§ **Your goal**: With the first line as the start and the line containing "Lấy dữ liệu" as the end, write out every line of the records exactly.

[Saved data entries]
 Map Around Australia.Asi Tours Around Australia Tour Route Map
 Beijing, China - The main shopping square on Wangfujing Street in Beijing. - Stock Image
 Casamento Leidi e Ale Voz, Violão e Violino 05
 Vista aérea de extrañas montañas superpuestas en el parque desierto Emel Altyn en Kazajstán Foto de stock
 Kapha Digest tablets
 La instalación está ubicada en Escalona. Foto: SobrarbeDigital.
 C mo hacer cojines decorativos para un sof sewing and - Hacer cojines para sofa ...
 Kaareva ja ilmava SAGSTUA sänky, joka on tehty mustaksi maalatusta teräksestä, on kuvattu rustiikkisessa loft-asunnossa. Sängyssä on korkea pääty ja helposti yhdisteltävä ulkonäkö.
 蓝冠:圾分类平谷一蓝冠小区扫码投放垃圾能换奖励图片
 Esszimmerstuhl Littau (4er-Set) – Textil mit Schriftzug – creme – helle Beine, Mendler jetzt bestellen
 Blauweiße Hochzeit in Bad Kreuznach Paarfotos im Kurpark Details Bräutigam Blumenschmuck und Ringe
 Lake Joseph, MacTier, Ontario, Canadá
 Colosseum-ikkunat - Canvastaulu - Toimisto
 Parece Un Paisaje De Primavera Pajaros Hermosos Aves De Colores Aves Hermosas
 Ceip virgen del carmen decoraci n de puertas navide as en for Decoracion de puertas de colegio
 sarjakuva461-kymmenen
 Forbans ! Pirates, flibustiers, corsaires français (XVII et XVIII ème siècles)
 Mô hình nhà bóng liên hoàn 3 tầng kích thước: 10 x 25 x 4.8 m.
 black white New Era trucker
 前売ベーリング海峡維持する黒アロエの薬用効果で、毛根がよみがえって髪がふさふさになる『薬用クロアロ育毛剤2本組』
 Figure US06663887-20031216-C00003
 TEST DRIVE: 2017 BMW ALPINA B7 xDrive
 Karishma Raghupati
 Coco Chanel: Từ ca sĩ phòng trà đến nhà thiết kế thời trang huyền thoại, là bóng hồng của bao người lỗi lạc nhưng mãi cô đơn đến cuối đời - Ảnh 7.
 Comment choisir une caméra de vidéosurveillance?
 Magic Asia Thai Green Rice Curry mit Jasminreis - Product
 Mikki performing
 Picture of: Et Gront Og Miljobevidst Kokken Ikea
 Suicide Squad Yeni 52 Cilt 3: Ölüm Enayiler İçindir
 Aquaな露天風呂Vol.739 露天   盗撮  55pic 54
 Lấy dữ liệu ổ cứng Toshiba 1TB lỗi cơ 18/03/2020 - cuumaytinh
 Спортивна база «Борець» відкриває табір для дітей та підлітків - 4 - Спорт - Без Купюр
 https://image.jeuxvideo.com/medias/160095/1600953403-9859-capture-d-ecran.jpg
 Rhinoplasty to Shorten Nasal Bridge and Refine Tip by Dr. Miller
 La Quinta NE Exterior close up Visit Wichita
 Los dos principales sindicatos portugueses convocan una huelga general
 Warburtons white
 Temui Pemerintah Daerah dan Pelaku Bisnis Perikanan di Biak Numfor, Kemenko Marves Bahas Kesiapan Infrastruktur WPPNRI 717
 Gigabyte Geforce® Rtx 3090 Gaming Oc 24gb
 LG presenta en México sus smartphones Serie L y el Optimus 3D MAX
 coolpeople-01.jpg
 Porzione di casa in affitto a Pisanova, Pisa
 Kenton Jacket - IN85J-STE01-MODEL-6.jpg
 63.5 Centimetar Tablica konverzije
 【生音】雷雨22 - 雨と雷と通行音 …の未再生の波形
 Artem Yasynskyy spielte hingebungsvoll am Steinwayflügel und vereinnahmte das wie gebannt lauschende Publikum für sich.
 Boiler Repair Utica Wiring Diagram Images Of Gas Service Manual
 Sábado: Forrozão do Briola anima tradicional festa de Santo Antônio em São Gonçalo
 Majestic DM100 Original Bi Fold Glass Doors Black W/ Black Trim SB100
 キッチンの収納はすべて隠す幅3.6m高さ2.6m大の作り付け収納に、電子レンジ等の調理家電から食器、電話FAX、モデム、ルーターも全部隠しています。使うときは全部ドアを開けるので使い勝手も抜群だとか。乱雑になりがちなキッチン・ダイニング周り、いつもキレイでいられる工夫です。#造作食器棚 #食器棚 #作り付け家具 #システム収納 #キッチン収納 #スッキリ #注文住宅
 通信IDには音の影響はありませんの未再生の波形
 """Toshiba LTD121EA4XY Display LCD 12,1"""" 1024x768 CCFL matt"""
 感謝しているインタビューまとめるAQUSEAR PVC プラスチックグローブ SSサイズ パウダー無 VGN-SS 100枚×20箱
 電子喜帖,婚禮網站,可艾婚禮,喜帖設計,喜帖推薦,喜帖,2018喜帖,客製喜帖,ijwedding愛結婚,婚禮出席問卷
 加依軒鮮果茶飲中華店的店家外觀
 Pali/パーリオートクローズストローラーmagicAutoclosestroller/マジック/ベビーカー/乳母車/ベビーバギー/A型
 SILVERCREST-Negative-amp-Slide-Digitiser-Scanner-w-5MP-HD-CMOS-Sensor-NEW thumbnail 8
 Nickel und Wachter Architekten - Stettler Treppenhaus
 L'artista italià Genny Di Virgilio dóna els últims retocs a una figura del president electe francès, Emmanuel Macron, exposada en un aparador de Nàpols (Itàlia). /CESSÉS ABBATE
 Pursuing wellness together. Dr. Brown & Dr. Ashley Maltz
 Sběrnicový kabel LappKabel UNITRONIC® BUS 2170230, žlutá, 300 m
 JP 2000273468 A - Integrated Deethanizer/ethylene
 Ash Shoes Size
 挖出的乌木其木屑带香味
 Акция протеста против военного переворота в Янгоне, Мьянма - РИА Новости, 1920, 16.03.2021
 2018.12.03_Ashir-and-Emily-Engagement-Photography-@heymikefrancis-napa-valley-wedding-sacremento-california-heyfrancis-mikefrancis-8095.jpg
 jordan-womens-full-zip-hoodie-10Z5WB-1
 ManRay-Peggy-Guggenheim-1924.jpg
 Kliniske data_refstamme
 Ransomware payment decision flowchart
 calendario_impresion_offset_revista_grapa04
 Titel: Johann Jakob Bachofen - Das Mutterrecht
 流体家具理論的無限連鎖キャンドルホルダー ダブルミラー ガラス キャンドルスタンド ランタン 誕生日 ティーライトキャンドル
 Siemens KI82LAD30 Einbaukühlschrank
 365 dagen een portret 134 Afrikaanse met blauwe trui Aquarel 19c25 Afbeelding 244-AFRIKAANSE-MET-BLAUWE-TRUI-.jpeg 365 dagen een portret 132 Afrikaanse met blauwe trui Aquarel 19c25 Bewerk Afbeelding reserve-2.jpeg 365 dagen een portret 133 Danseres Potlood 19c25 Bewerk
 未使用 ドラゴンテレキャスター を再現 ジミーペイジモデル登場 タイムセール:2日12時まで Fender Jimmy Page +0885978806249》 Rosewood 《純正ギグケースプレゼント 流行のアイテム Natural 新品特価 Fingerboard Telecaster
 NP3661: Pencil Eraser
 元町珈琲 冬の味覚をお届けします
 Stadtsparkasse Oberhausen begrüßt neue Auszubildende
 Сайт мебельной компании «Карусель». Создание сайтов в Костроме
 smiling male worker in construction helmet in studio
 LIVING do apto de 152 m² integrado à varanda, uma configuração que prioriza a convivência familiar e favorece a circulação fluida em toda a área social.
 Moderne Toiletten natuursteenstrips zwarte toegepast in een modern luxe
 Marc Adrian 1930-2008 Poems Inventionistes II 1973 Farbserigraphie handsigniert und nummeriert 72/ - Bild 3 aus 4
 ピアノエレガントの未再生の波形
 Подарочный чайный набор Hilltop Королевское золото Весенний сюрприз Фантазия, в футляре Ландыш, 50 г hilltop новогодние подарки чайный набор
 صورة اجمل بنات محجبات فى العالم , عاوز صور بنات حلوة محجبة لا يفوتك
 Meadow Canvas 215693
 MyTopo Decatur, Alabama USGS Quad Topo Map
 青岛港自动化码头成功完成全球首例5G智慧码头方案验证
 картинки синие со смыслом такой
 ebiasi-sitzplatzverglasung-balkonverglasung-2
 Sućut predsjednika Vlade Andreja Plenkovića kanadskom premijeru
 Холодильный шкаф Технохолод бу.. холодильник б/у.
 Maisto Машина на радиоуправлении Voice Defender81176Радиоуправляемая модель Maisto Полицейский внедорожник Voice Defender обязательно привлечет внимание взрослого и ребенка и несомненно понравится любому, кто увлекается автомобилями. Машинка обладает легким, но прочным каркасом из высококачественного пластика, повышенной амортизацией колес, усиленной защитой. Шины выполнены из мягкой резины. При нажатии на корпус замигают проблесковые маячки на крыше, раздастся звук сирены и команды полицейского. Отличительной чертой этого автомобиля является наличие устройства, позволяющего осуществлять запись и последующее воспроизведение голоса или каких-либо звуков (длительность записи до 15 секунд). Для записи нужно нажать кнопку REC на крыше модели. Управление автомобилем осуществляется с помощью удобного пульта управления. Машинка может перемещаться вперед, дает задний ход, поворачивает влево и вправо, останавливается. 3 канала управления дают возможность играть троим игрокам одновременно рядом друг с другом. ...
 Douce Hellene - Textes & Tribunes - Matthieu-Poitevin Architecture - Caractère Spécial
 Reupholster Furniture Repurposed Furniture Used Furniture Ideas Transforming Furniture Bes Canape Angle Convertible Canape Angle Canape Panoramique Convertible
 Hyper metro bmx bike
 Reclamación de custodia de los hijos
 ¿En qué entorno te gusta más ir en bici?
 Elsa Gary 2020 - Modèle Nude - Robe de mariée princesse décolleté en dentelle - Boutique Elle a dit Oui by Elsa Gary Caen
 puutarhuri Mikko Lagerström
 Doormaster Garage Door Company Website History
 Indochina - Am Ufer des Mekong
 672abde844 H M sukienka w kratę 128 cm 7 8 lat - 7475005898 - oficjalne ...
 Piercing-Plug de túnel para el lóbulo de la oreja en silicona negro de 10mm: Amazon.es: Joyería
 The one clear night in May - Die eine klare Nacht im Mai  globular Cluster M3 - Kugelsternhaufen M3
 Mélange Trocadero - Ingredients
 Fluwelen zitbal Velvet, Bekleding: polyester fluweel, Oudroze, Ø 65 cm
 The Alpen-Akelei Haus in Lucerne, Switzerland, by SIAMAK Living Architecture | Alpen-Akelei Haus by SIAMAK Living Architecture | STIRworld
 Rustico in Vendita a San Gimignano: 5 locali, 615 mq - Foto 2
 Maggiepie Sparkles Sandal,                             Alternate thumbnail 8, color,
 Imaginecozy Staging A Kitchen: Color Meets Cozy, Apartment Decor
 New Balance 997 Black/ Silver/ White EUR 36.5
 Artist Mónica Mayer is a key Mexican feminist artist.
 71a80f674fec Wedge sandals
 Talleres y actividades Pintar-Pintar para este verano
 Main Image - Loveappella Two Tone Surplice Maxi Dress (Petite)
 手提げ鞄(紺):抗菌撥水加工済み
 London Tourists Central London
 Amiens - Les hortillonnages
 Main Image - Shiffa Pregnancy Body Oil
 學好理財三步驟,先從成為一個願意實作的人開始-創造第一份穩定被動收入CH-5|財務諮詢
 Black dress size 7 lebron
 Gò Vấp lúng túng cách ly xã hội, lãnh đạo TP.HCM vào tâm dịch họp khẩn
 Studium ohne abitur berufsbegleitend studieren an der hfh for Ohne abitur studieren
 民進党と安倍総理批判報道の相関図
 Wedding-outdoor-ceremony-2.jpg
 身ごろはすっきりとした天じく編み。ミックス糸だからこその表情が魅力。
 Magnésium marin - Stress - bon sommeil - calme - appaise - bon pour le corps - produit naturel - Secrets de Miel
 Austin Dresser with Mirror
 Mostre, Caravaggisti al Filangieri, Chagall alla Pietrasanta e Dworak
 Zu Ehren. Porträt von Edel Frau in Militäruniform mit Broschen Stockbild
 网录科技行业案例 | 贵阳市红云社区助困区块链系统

§ **Answer to this problem**:
 Map Around Australia.Asi Tours Around Australia Tour Route Map
 Beijing, China - The main shopping square on Wangfujing Street in Beijing. - Stock Image
 Casamento Leidi e Ale Voz, Violão e Violino 05
 Vista aérea de extrañas montañas superpuestas en el parque desierto Emel Altyn en Kazajstán Foto de stock
 Kapha Digest tablets
 La instalación está ubicada en Escalona. Foto: SobrarbeDigital.
 C mo hacer cojines decorativos para un sof sewing and - Hacer cojines para sofa ...
 Kaareva ja ilmava SAGSTUA sänky, joka on tehty mustaksi maalatusta teräksestä, on kuvattu rustiikkisessa loft-asunnossa. Sängyssä on korkea pääty ja helposti yhdisteltävä ulkonäkö.
 蓝冠:圾分类平谷一蓝冠小区扫码投放垃圾能换奖励图片
 Esszimmerstuhl Littau (4er-Set) – Textil mit Schriftzug – creme – helle Beine, Mendler jetzt bestellen
 Blauweiße Hochzeit in Bad Kreuznach Paarfotos im Kurpark Details Bräutigam Blumenschmuck und Ringe
 Lake Joseph, MacTier, Ontario, Canadá
 Colosseum-ikkunat - Canvastaulu - Toimisto
 Parece Un Paisaje De Primavera Pajaros Hermosos Aves De Colores Aves Hermosas
 Ceip virgen del carmen decoraci n de puertas navide as en for Decoracion de puertas de colegio
 sarjakuva461-kymmenen
 Forbans ! Pirates, flibustiers, corsaires français (XVII et XVIII ème siècles)
 Mô hình nhà bóng liên hoàn 3 tầng kích thước: 10 x 25 x 4.8 m.
 black white New Era trucker
 前売ベーリング海峡維持する黒アロエの薬用効果で、毛根がよみがえって髪がふさふさになる『薬用クロアロ育毛剤2本組』
 Figure US06663887-20031216-C00003
 TEST DRIVE: 2017 BMW ALPINA B7 xDrive
 Karishma Raghupati
 Coco Chanel: Từ ca sĩ phòng trà đến nhà thiết kế thời trang huyền thoại, là bóng hồng của bao người lỗi lạc nhưng mãi cô đơn đến cuối đời - Ảnh 7.
 Comment choisir une caméra de vidéosurveillance?
 Magic Asia Thai Green Rice Curry mit Jasminreis - Product
 Mikki performing
 Picture of: Et Gront Og Miljobevidst Kokken Ikea
 Suicide Squad Yeni 52 Cilt 3: Ölüm Enayiler İçindir
 Aquaな露天風呂Vol.739 露天   盗撮  55pic 54
 Lấy dữ liệu ổ cứng Toshiba 1TB lỗi cơ 18/03/2020 - cuumaytinh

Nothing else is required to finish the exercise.